Actually the debate was about people who don't identify as gay who have gay sex. Bit too nuanced for him.
 
I mean, if it's a spectrum then it's entirely feasible for circumstances to dictate how someone identifies.

I'm sure there are innumerable examples of people who identified as heterosexual throughout history and just never fully realised their homosexual feelings for what they were, so it's conceivable that it can work the other way and circumstance can lead to self identification as a gay person.
 
Interested in @Rachey's take seeing as her "circumstances" are surely that she happened to meet a woman that she fancied and then fell in love with.

Also this sounds horribly facile but you wouldn't blame the odd woman for choosing to date other women because straight men are so awful.
 
I remember watching something about the way someone's sexual interests can be influenced or put on a new path in early adolescence. What I'd seen was more to do with fetishes I suppose, an anecdote about a guy on a school bus whose bully grabbed him by the balls and squeezed them. This led to a life-long obsession with having his testicles crushed. Also the idea that being frightened by a popping balloon at a certain point in one's development could lead to a balloon fetish in later life, etc.

Personally, I have always wondered about the fact that when it came to guys I was attracted to, I felt like I actually more wanted to be like them, or be them. With this kind of intense admiration combined with low self-esteem about my appearance and some pretty traumatic bullying, I used to think that perhaps my own development had been skewed a bit.

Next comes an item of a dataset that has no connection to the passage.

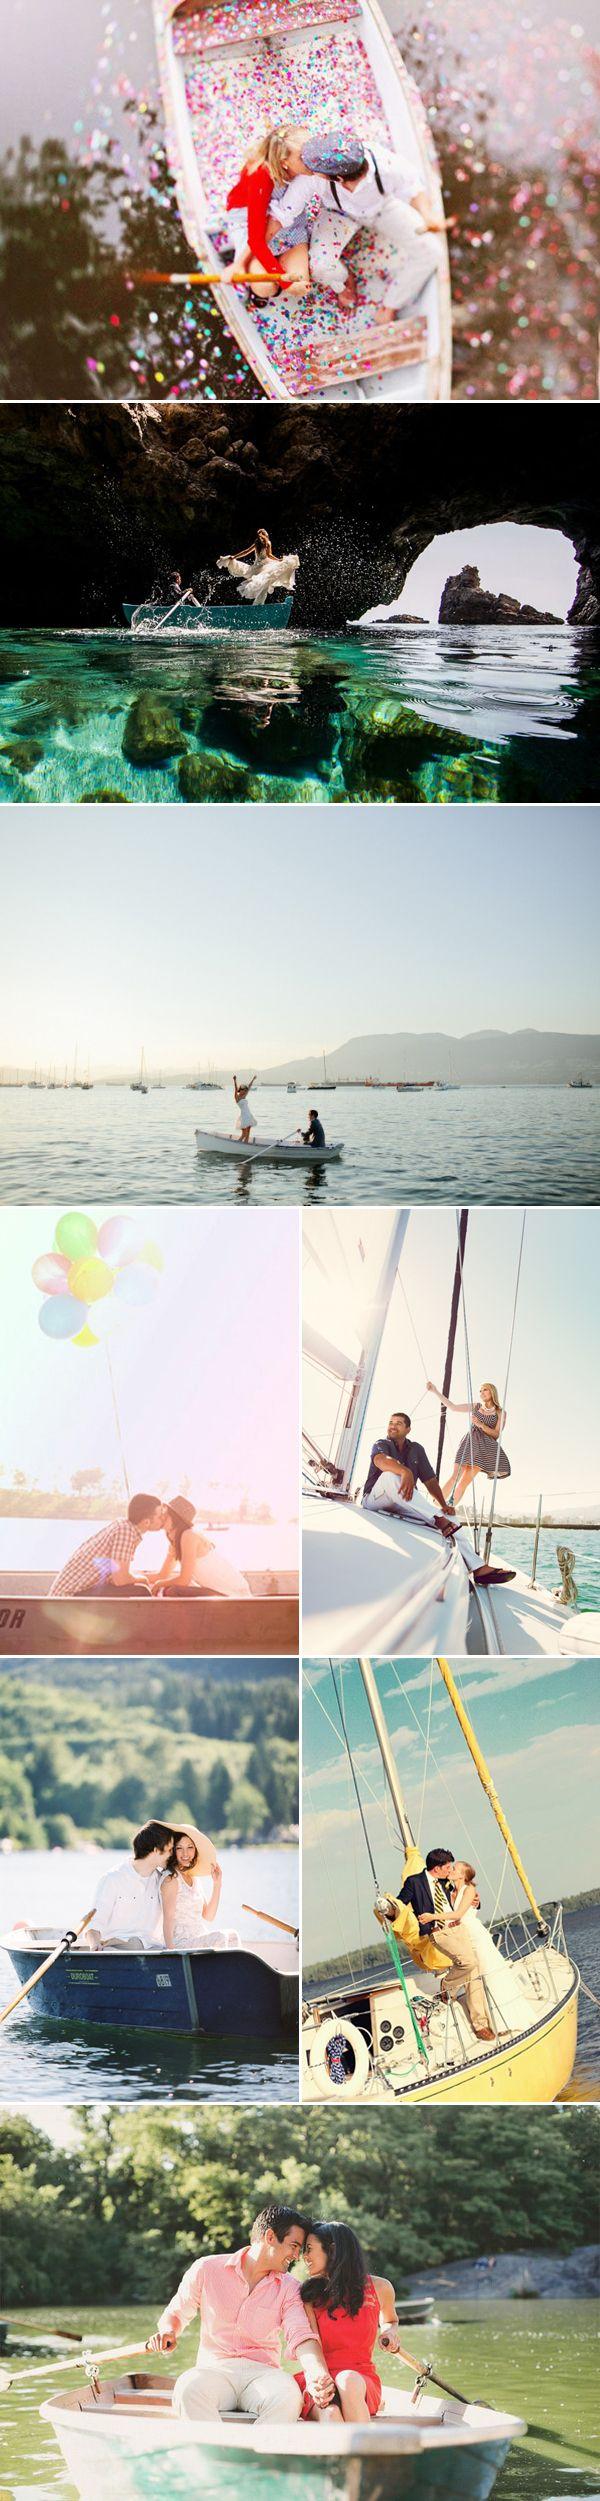 Fun Love-Boat Engagement Photo Ideas

Then I realised it wouldn't really explain the Mariah thing/every single other interest I have and I was just trying to make my life more interesting :D

Also I diversified in terms of the guys I was into since then, as my recent hot fling with a 22yo Slovak twink would indicate. My main type is still myself but hotter though.
 
Interested in @Rachey's take seeing as her "circumstances" are surely that she happened to meet a woman that she fancied and then fell in love with.

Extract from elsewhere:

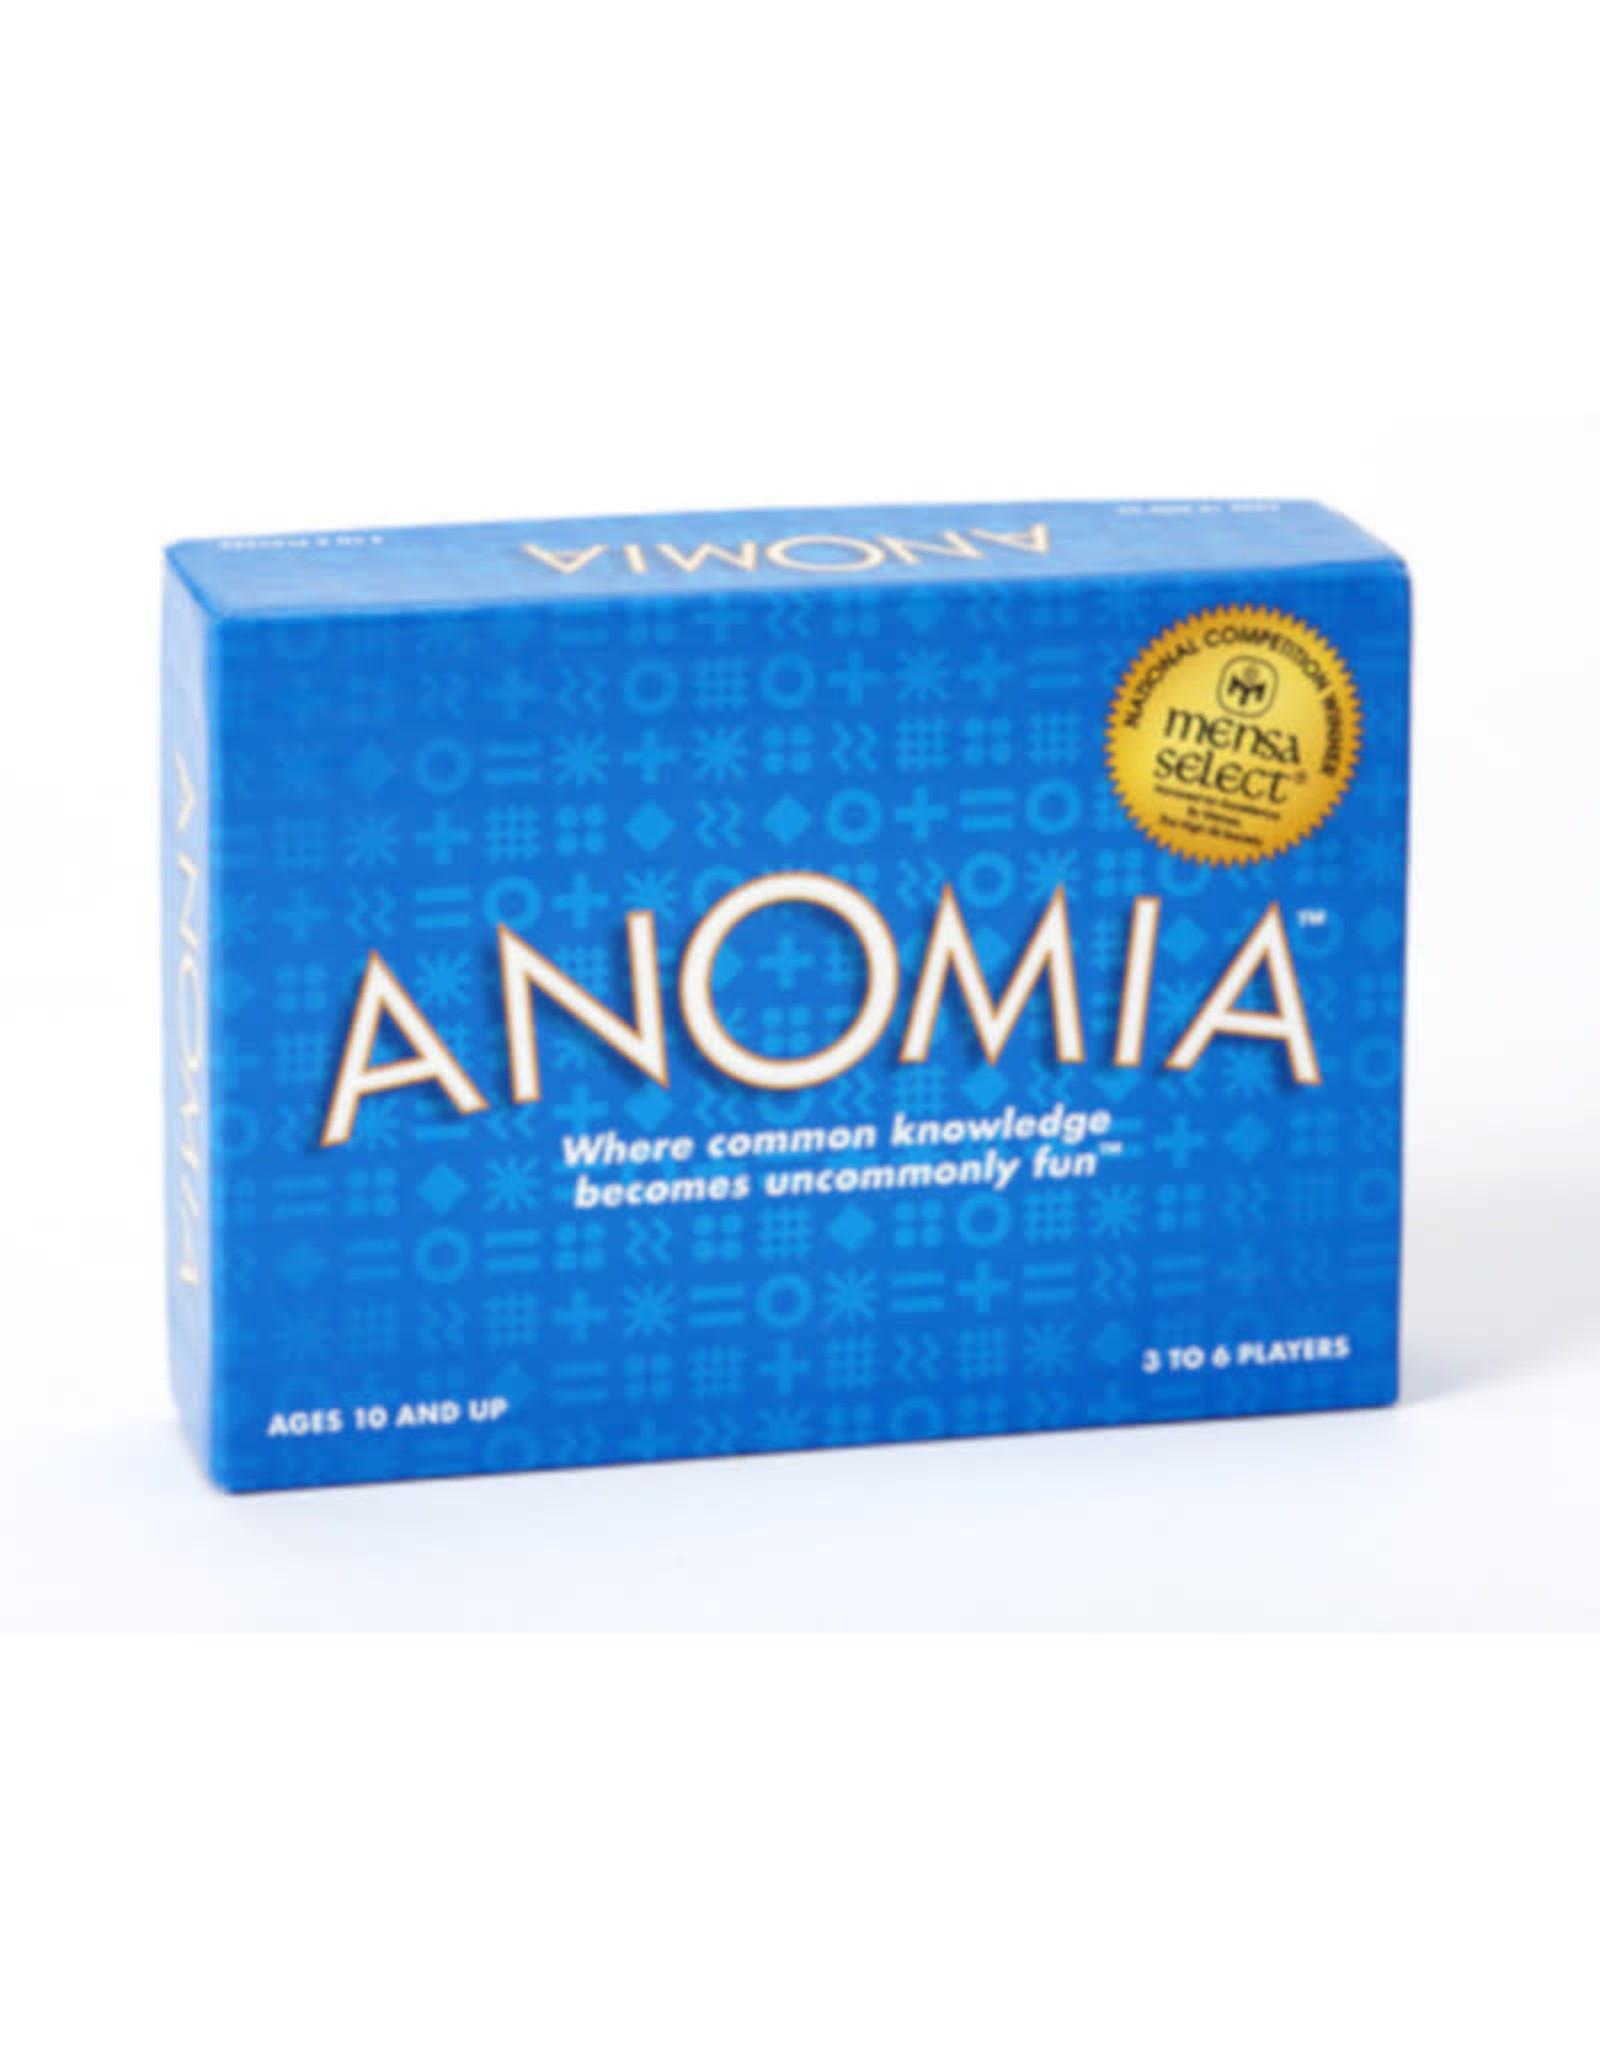 Bananagrams Anomia

Also this sounds horribly facile but you wouldn't blame the odd woman for choosing to date other women because straight men are so awful.
It's also something that crops up in literature/fiction a lot more often. Women getting to a point in their life when their circumstances change and they're able to drop it all and get together with another woman, even if they were never aware of the desire before.

You obviously hear stories about men leaving their wives for other men later in life too, but it's usually presented differently, as something they repressed and knew since the beginning but couldn't give into.
 
It's also something that crops up in literature/fiction a lot more often. Women getting to a point in their life when their circumstances change and they're able to drop it all and get together with another woman, even if they were never aware of the desire before.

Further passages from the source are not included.